Our initial plan was to report only the first error during manually triggered compilation. But then the increasingly broad integration of LSP support into open source text editors made it possible for Hemlock to provide a powerful development experience, and error recovery became a requirement. The OCaml-specific Merlin had already been a boon for us during early Hemlock development, so I read an authors’ experience report [1] to learn more about how it works. That paper motivated us to work hard to avoid problems, rather than endlessly working to solve hard problems. For example, macro preprocessing is on Hemlock’s anti-feature list now, but it also motivated Hemlock’s rigid indentation style, viz:

At any point, the recoverer has the choice between synthesizing one more value or consuming a token. Systematically trying both would lead to unacceptable performance. The main heuristic that drives Merlin’s implementation is indentation, on the assumption that lexical indentation follows nesting of constructions in the grammar.

[..]

While the indentation assumption is not true in practice for all indentation styles, this heuristic gives a satisfying behavior most of the time and should work for many languages.

We found the idea behind this heuristic quite compelling, but only much later did we decide to double down on the general idea and make Hemlock’s code indentation semantically meaningful, so that indentation style variation cannot thwart this recovery mechanism. Hemlock requires four-space block indentation, and two-space continuation indentation. (Single-line and \␤ escape hatches exist, but they are only compelling for very limited use cases.) The following Array.filter code serves as a representative indentation example.

let filter ~f t =
    let _, t' = ArrayFoldiMap.to_accum_array (ArrayFoldiMap.init t ~f:(fun _ i _ ->
        let rec fn i elm =
            let i' = succ i
            match f elm with
            | true -> i', elm
            | false -> fn i' (get i' t)
        fn i (get i t)
      ) (count ~f t)) ~init:0
    t'

The Merlin experience report led us to a paper on LR(1) error reporting [2] in the context of Menhir, which is the LR(1) parser generator that Merlin and OCaml use. The paper presents what I would describe as a brute force approach, and while quite effective, it appears to require quite a lot of manual effort that would be an ongoing burden for a rapidly evolving grammar (a near certainty for any immature programming language). Nonetheless, this was our best hope for Hemlock until we encountered a recovery approach based on minimum-cost repair sequences [3, 4]. We are excited to implement this approach because we think it will improve both error reporting and recovery.

Citations/footnotes

  1. Frédéric Bour, Thomas Refis, and Gabriel Scherer, “Merlin: A Language Server for OCaml (Experience Report),” Proc. ACM Program. Lang. Vol. 2. ICFP, Article 103, September 2018. 

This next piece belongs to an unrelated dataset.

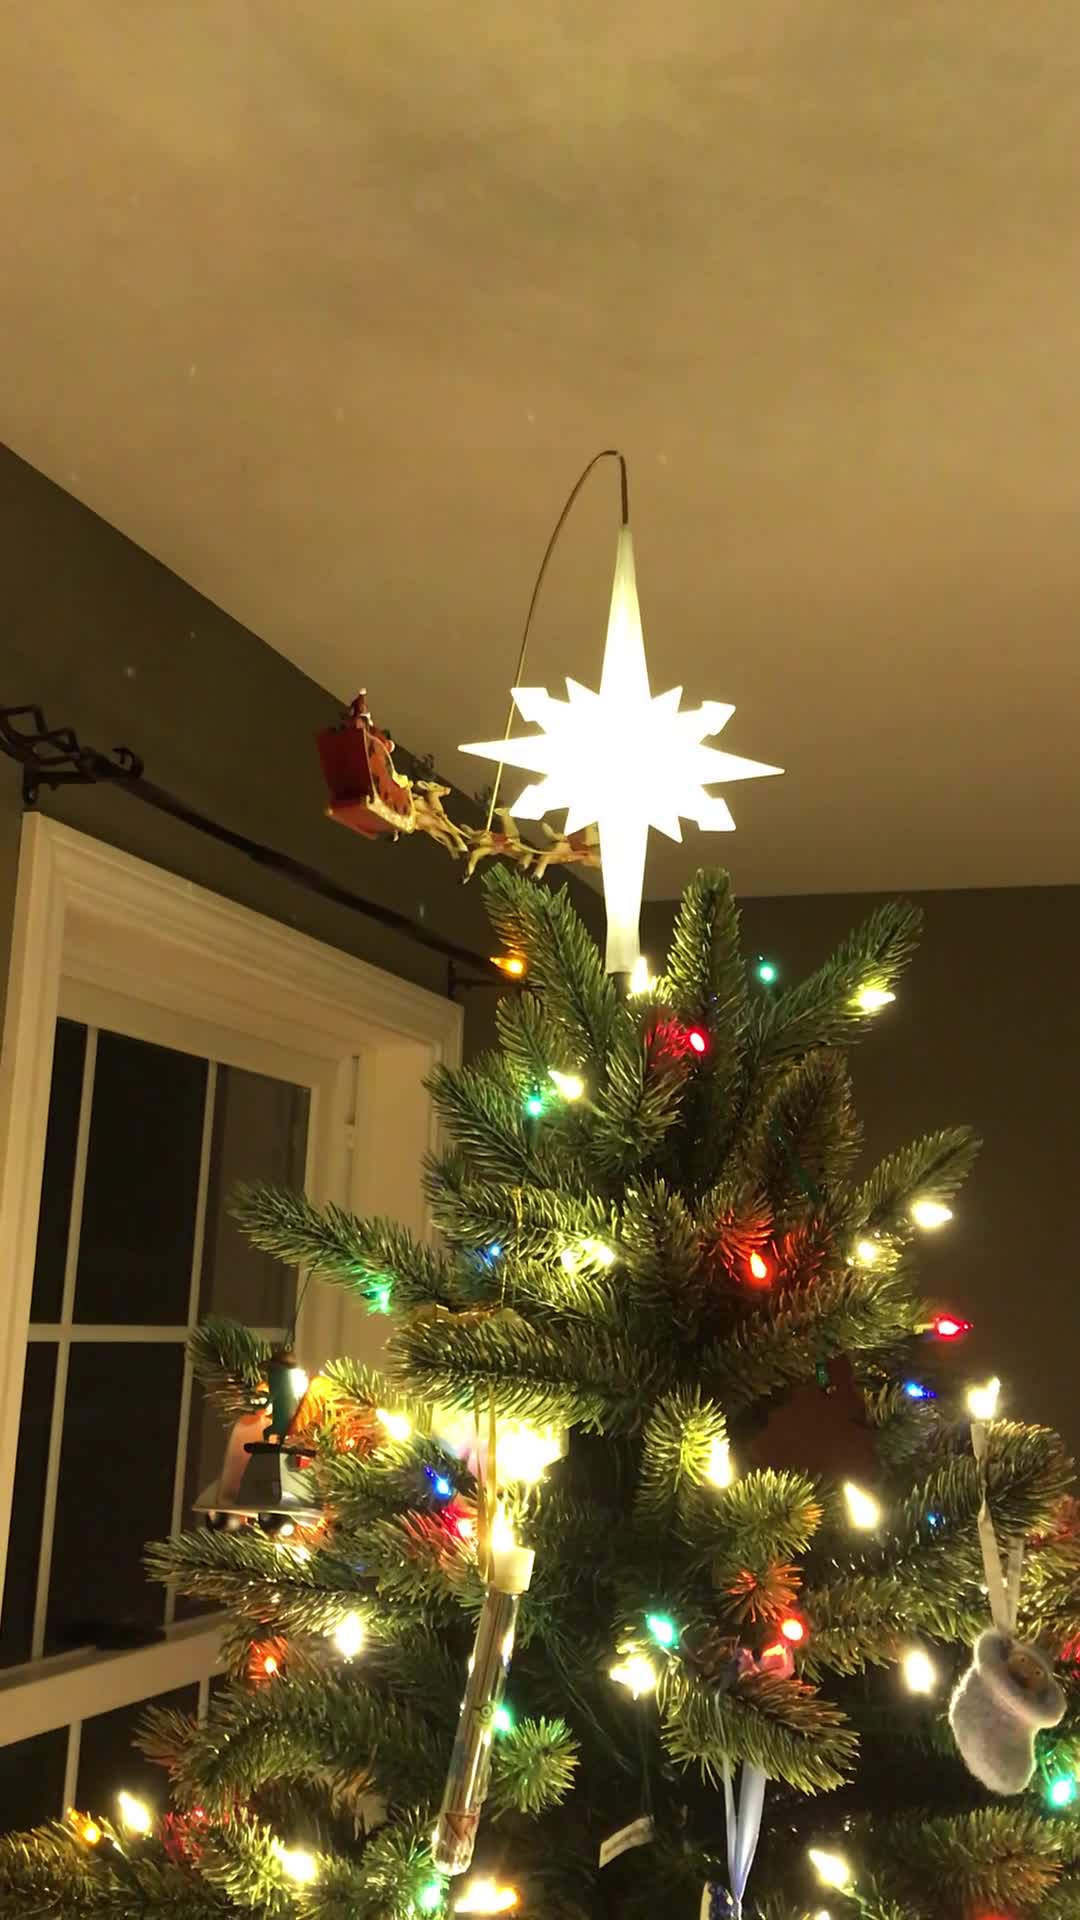 Santa's Sleigh Animated Tree Topper Balsam Hill - For reference, this
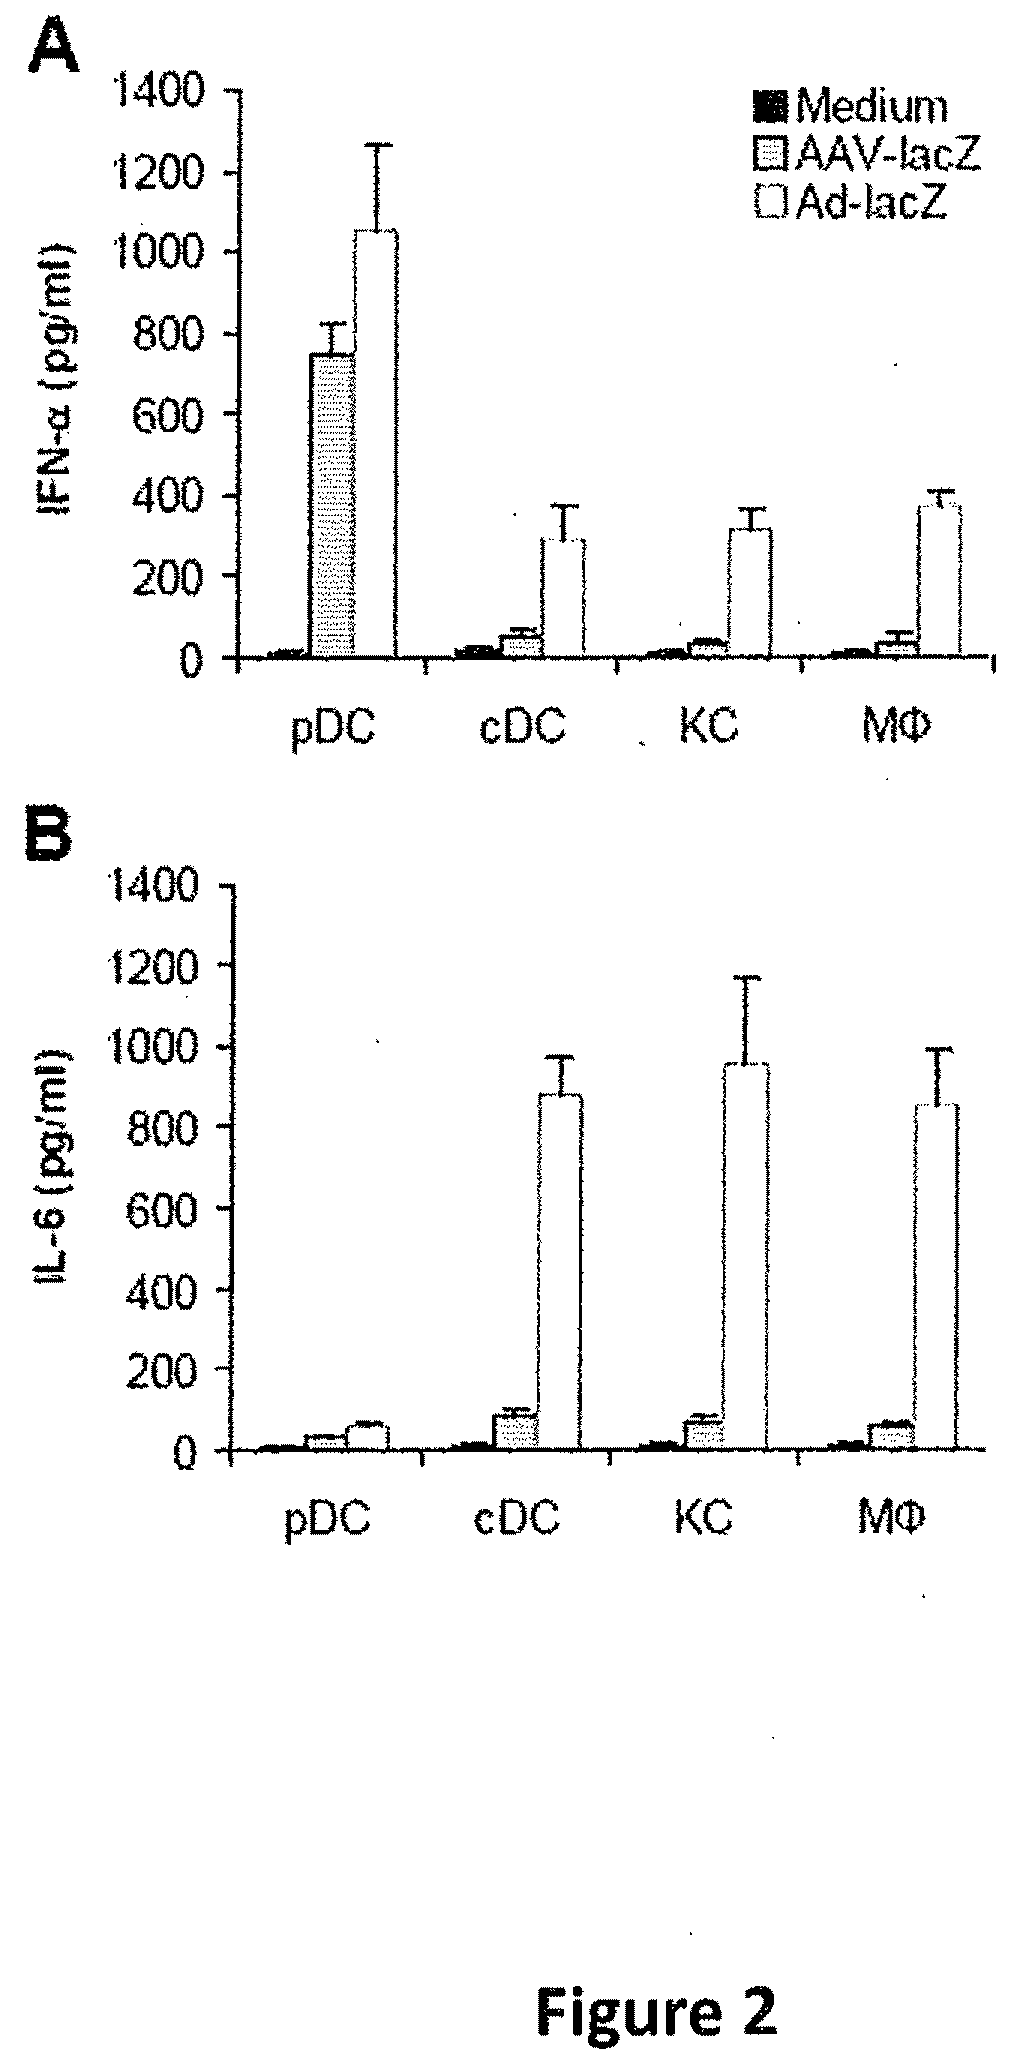 Methods for modulating immune responses to aav gene therapy vectors

  2. François Pottier, “Reachability and error diagnosis in LR(1) parsers,” International Conference on Compiler Construction (CC), pages 88—98, March 2016. 

  3. Lukas Diekmann and Laurence Tratt, “Don’t Panic! Better, Fewer, Syntax Errors for LR Parsers,” 34th European Conference on Object-Oriented Programming (ECOOP 2020), Article No. 6, pages 6:1–6:32. 

  4. Hey, that’s the second reference to Laurence Tratt in this blog post! I didn’t notice the overlap until entering the citations.